P.S. to Aharon: I briefly presented the metaphorical interpretation of the Sinai revelation here: https://mikyab.net/%D7%A9%D7%95%D7%AA/%D7%AA%D7%99%D7%A8%D7%95%D7%A6%D7%99%D7%9D-%D7%9C%D7%92%D7%99%D7%9C-%D7%94%D7%A2%D7%95%D7%9C%D7%9D/

Note well: unlike Schwartz and decisive scholars, the metaphorical proposal contains no denial of the historical event. Only an additional level, the palace of Torah above it. And that’s simple

Aharon (2017-11-06)

To Gil:

Don’t suspect me of not understanding why you don’t want to publicize the location of the article.

I thought that here, in “the master’s domain,” which recoils from “holy lies,” as he explained at length in column 21, you would accept the fact that today concealment no longer works, and that it only arouses suspicion.

When you publicly refuse to share information and knowledge, you only awaken mistrust toward yourself among those influenced by you. I suggest you read our Rabbi Michi’s article in column 21.

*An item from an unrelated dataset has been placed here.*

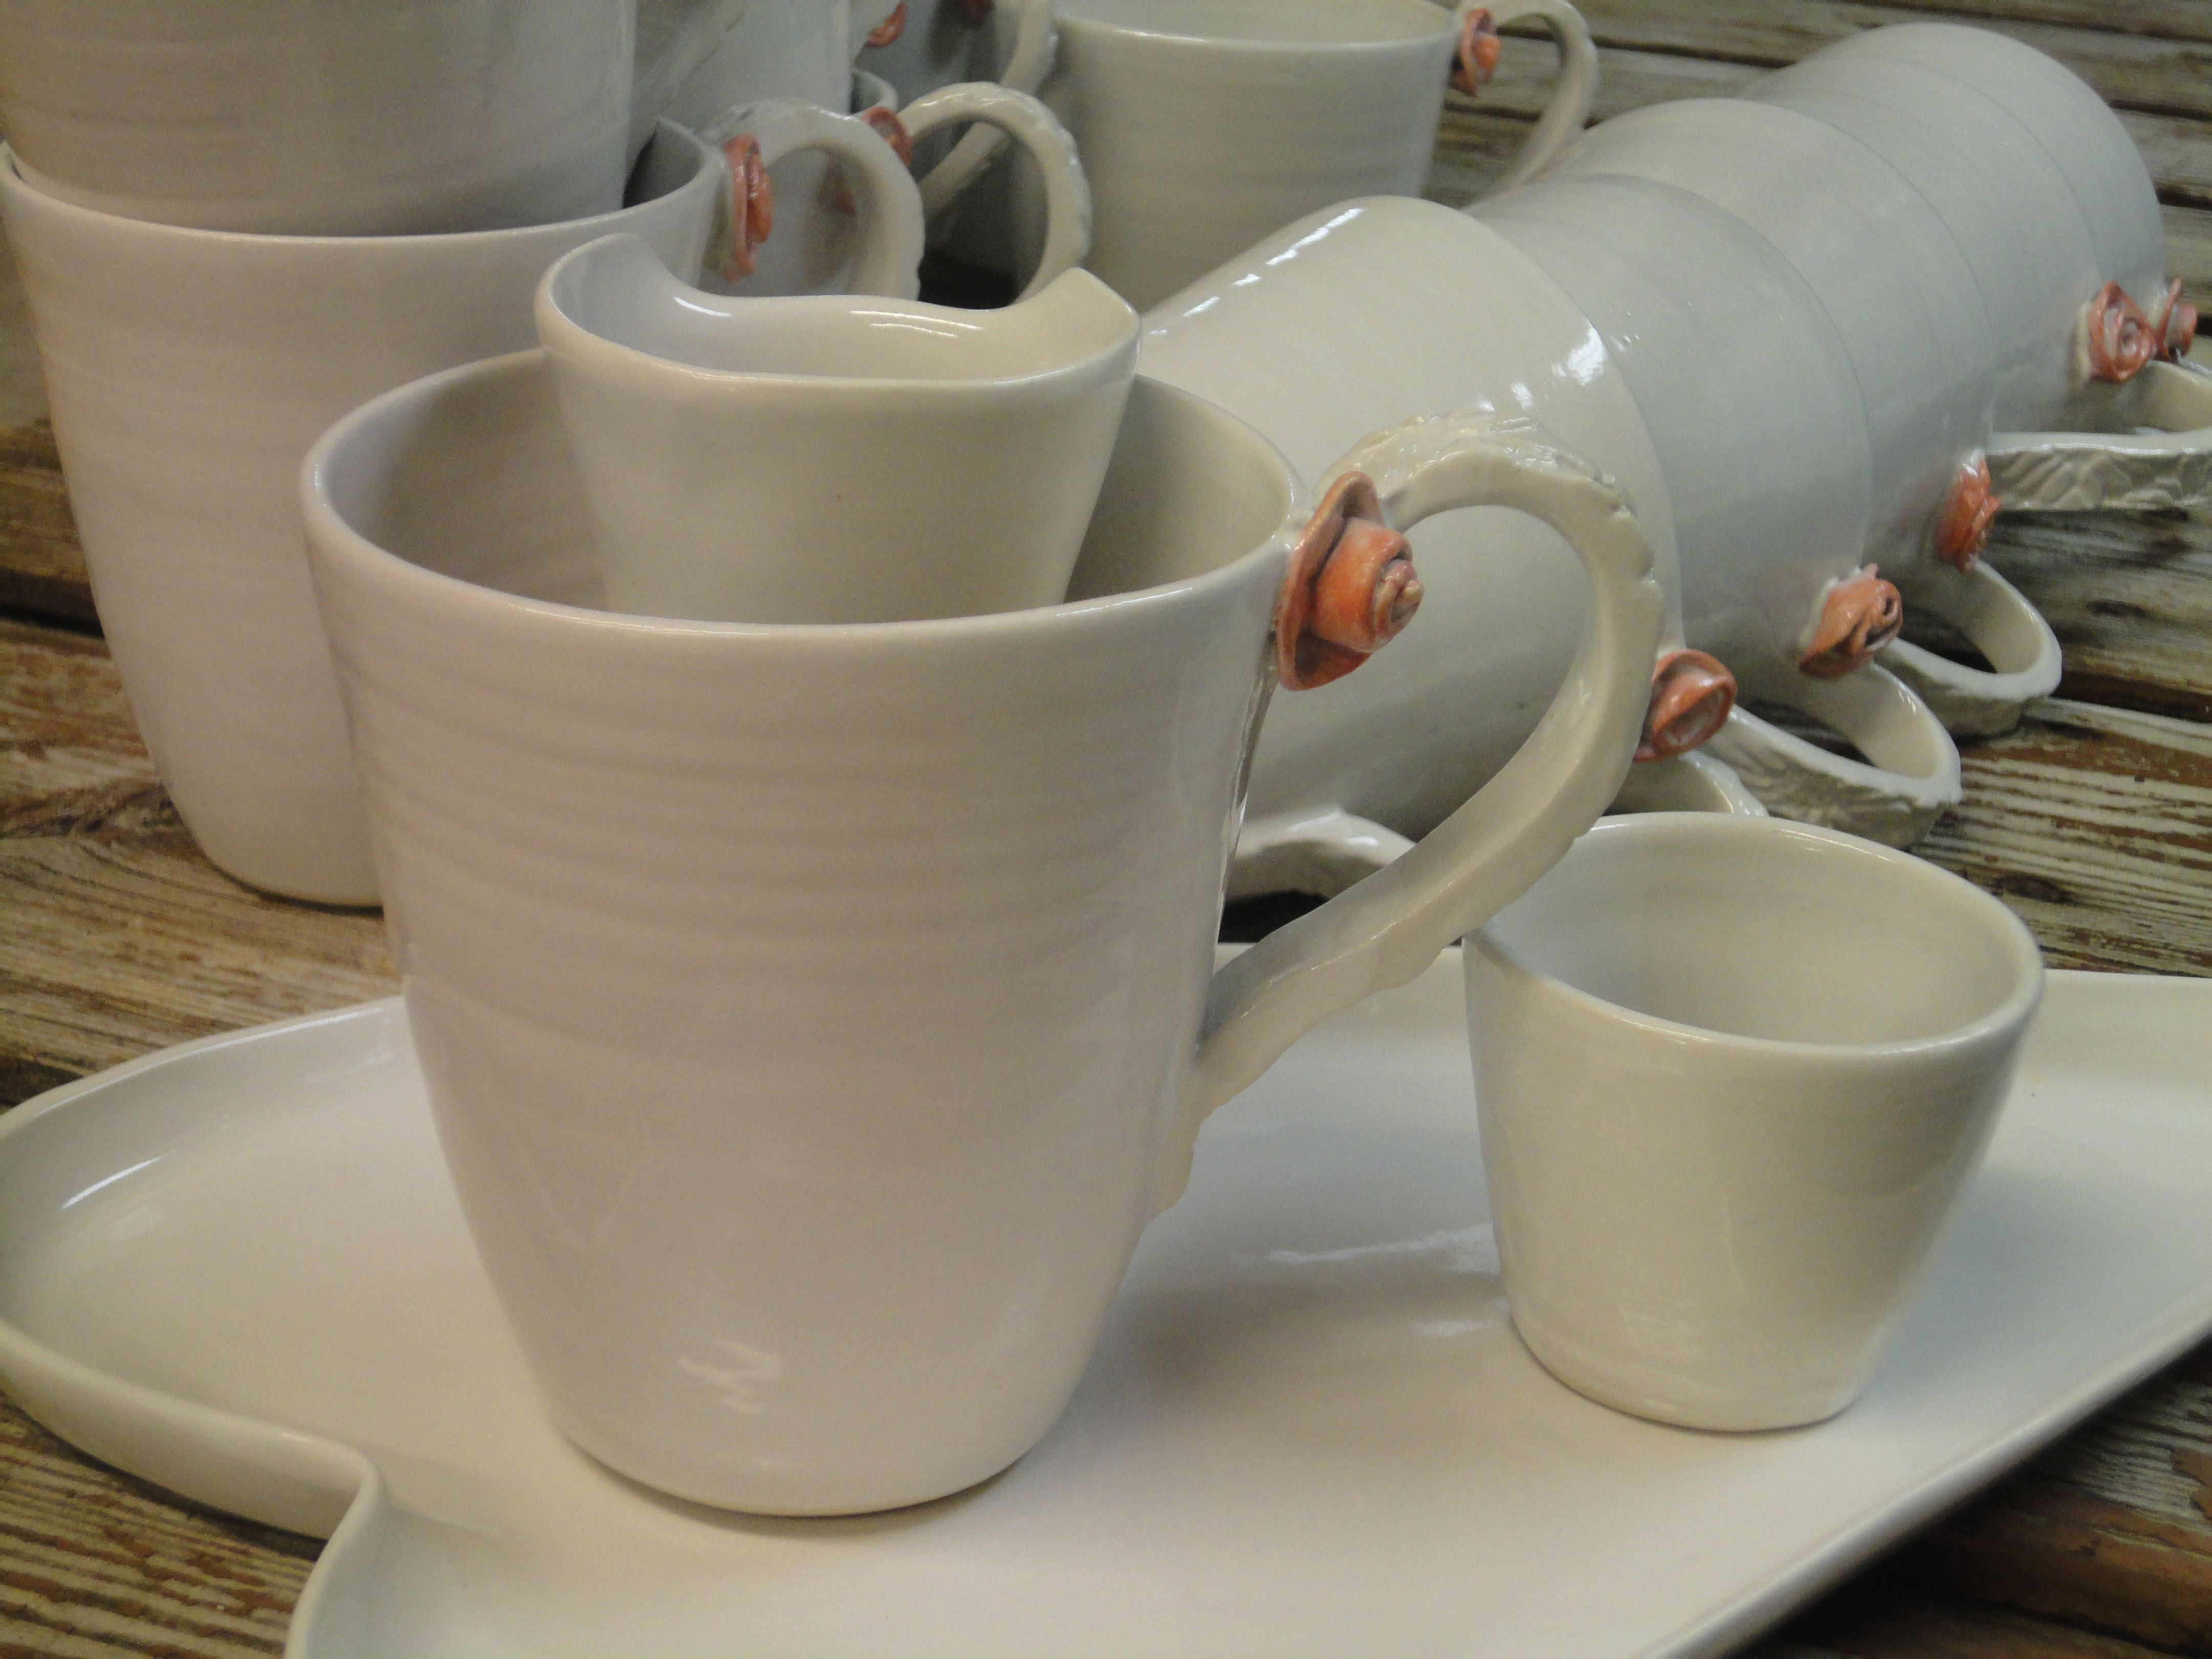 Glasholmen Keramik & Design

To this day I cannot forget an episode that happened when I was in a junior yeshiva. The Talmud teacher told about Rabbi Chaim Vital and his being the reincarnation of the Maggid Mishneh. He said that Rabbi Chaim Vital came to repair a grave sin that the former had damaged, though in the end he himself failed in a similar sin. The teacher adamantly refused to add details.
More than the natural curiosity I had, I felt hurt by the patronizing attitude he conveyed: “I am great, wise, and experienced, and I will censor and control what information you receive.”
So at age 14 I went and searched for Sha’ar HaGilgulim, and I pored over it until I found the story. This is an episode that illustrates the deterioration of my trust in the system. And who is to blame? People like that teacher.

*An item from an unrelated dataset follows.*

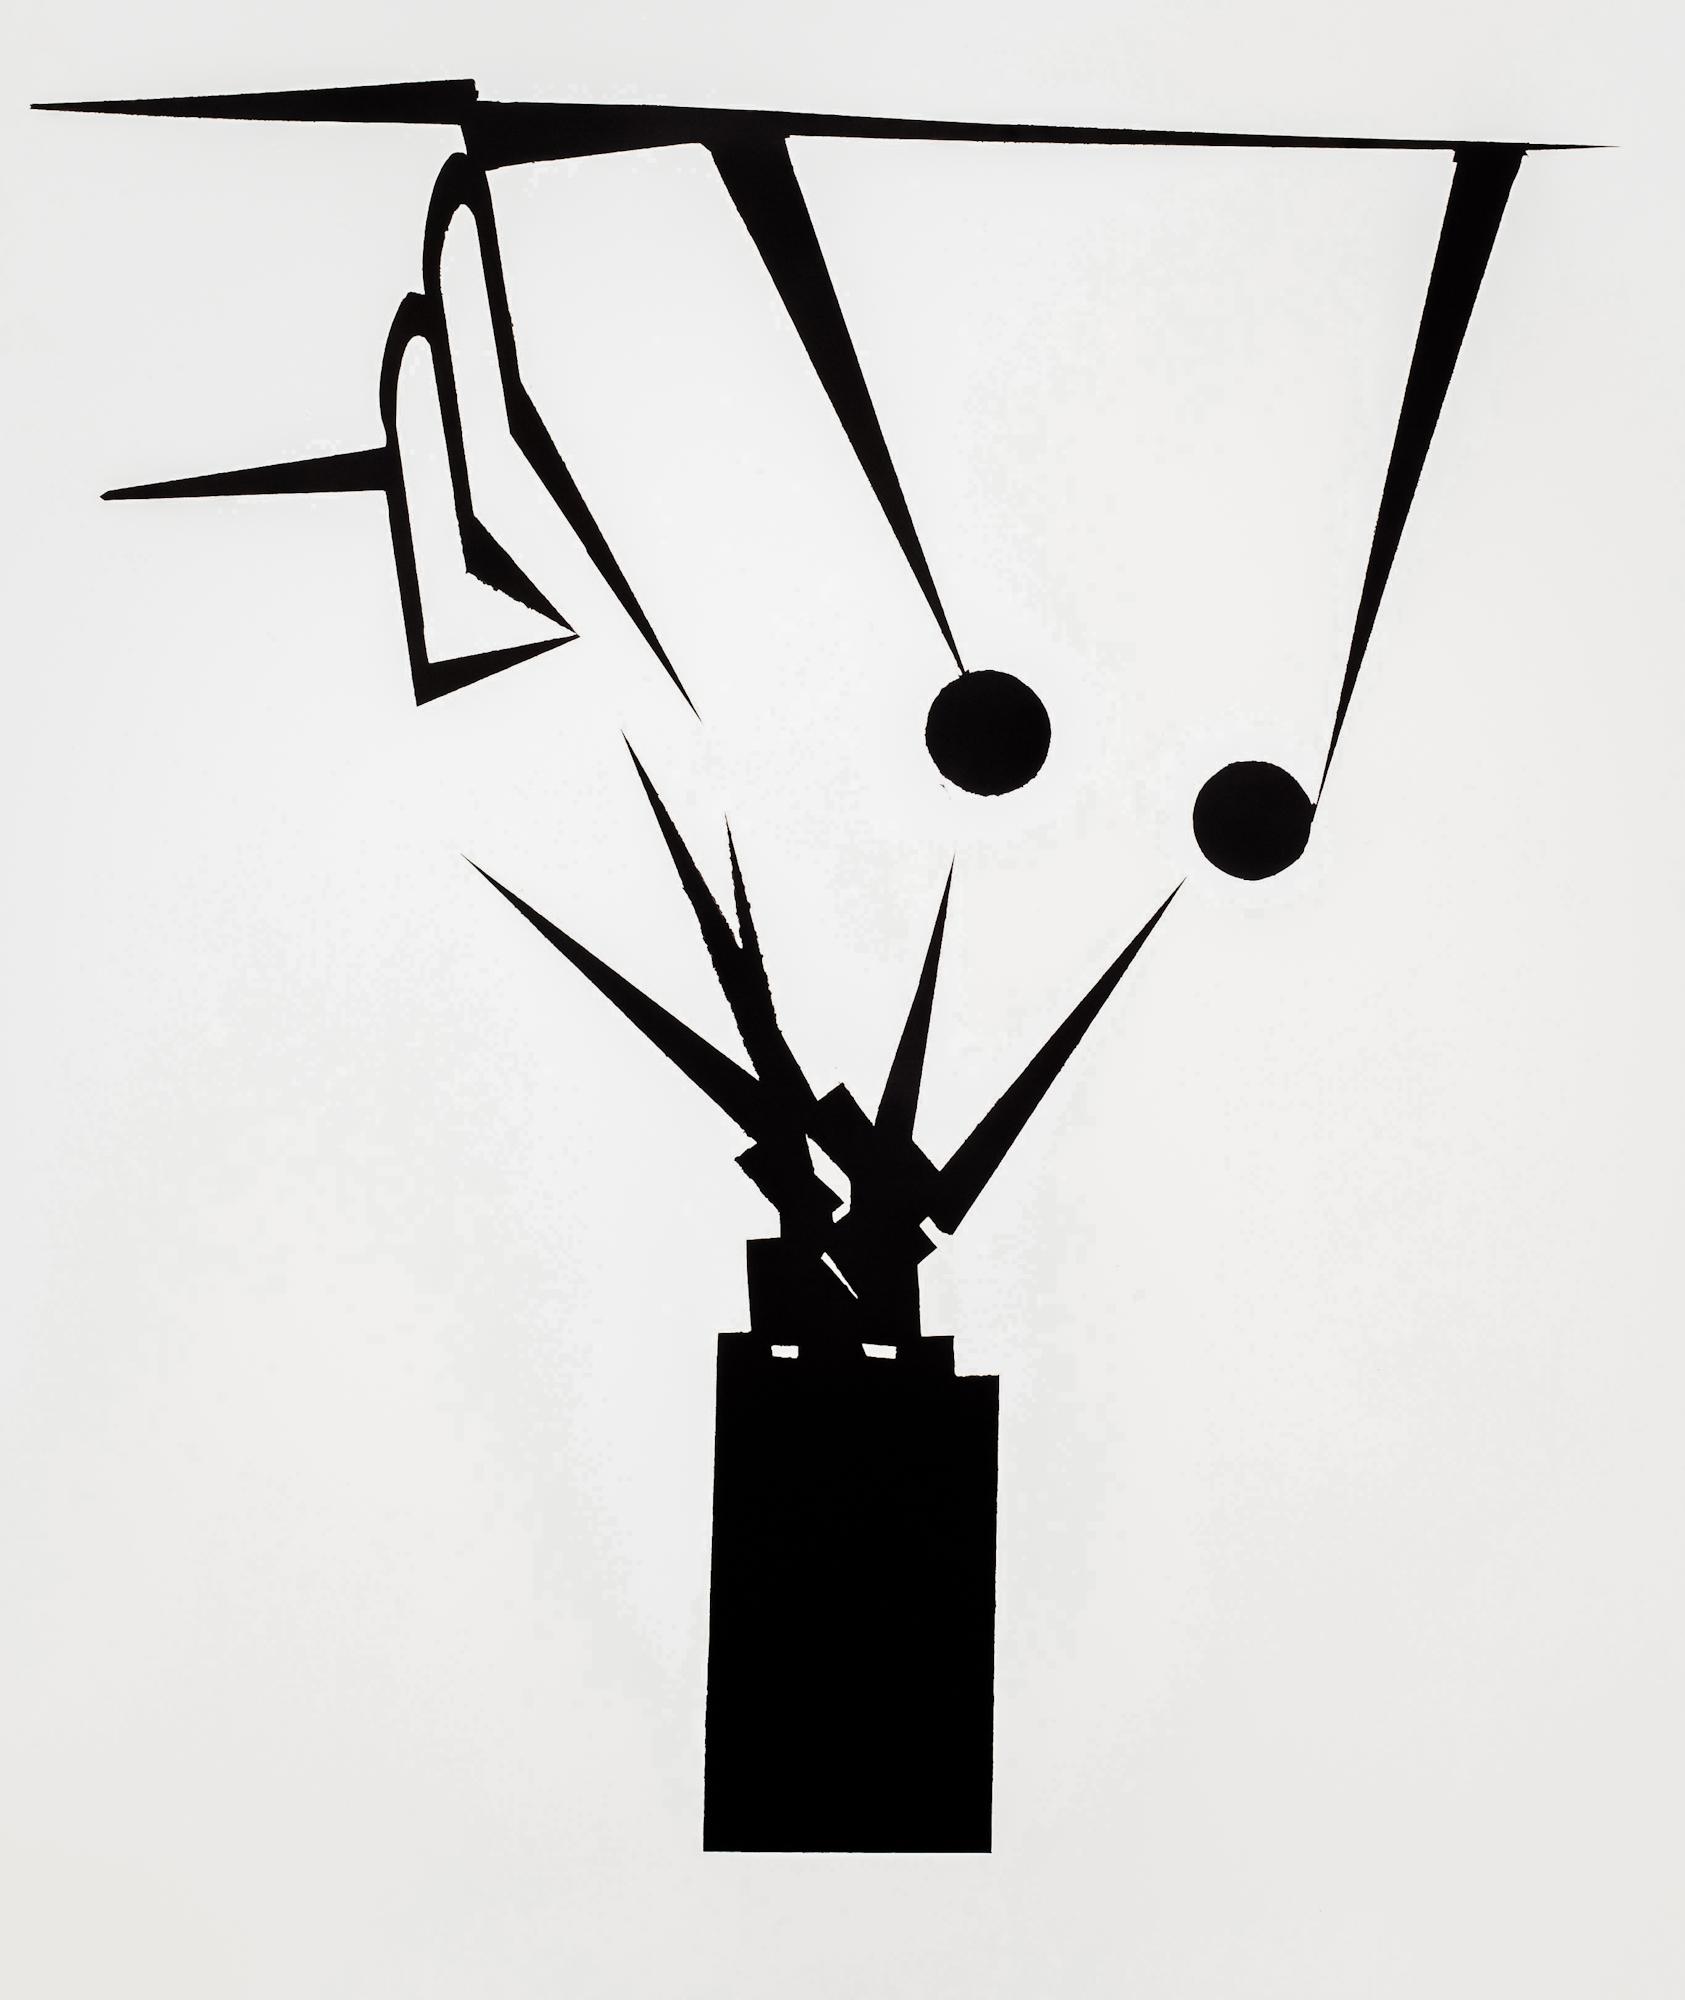 Marcin Jedlikowski, Beztytułu, olej, papier, 95 x 84 cm, 2016

You are trying to protect someone who is “spiritually disabled and weak,” in your words. So I tell you that in this kind of discourse, he will very quickly sense the way you look at him, and he will lose all trust and desire to receive from you. He will immediately feel that you see him as “spiritually disabled and weak.”

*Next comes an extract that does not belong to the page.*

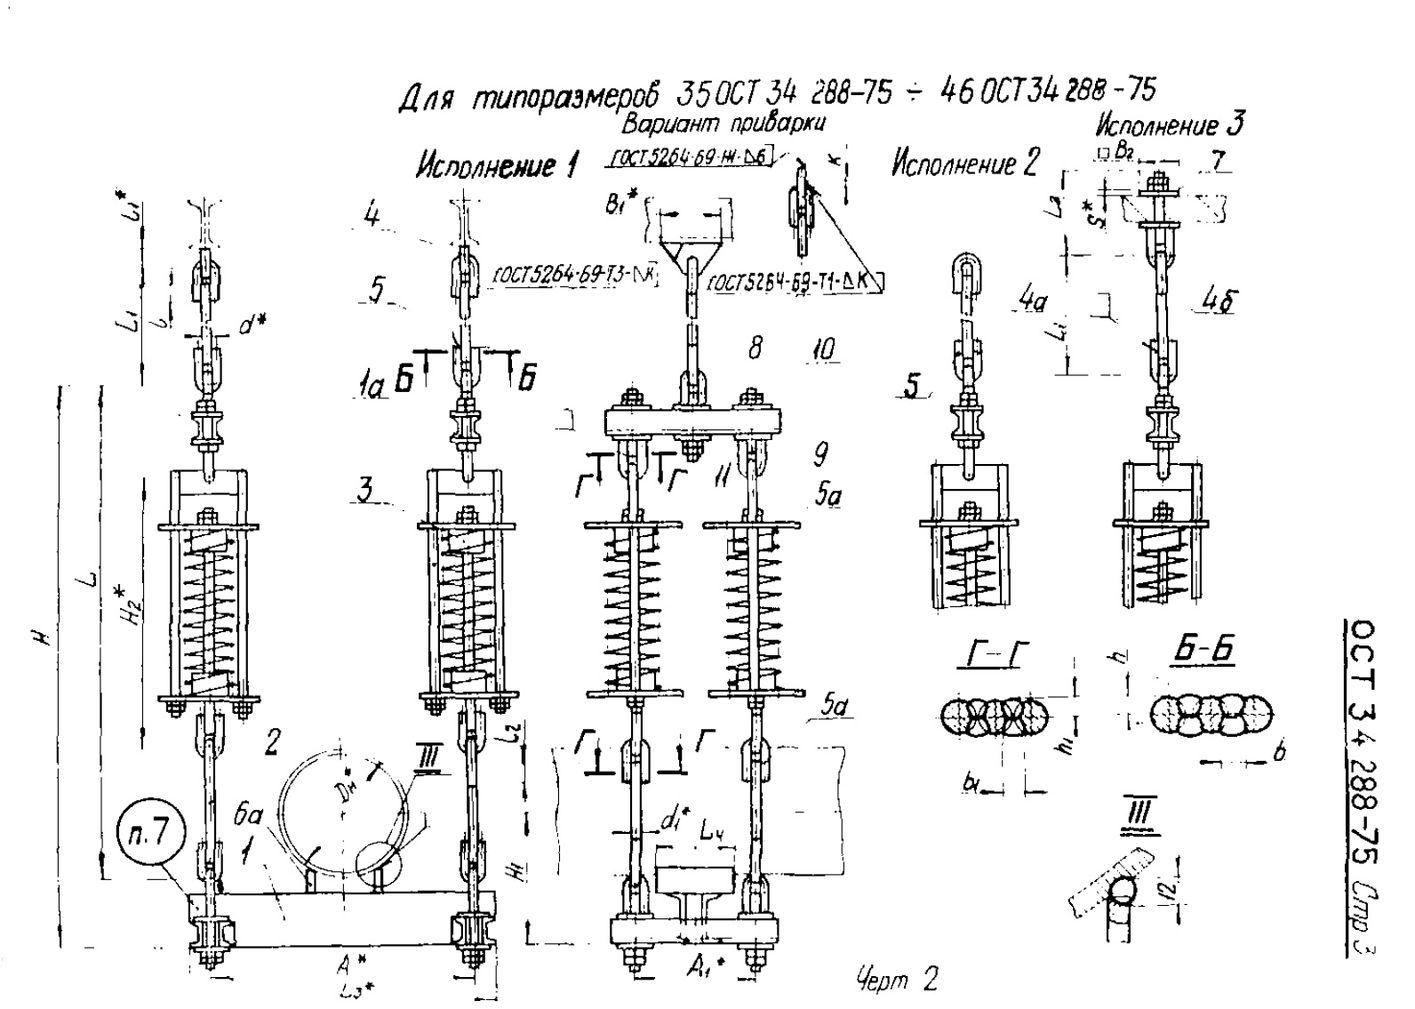 Подвески пружинные на двух и четырех тягах ОСТ 34 288-75 стр.3

If you want another reference on the matter, a lucid and wonderful article has now been published on the Tzarich Iyun website, called “On Apologetics.” Among other things it deals with this point. A must-read article for anyone involved in influence and explaining faith.

Shlomo (2017-11-07)

Hello Rabbi,

I was recently at a funeral where the deceased woman’s only son said Kaddish after her, with the guidance of the burial society’s sexton. That man is an atheist, certainly. Is there any point in answering Amen after him?

Michi (2017-11-07)

It seems to me that yes. You hear words that you identify with, and you say that with your own mouth, even if the one saying them does not really intend them.
Perhaps this can be compared to answering Amen after a blessing heard on a recording (where the accepted practice is not to answer; see responsa Yechaveh Da’at part 2, siman 68, and responsa Yitzhak Yeranen part 7, simanim 11–13, Bi’ur Halakhah siman 215 סעיף 2 beginning with “obligated,” and Piskei Teshuvot there, note 3). But one can distinguish between the cases.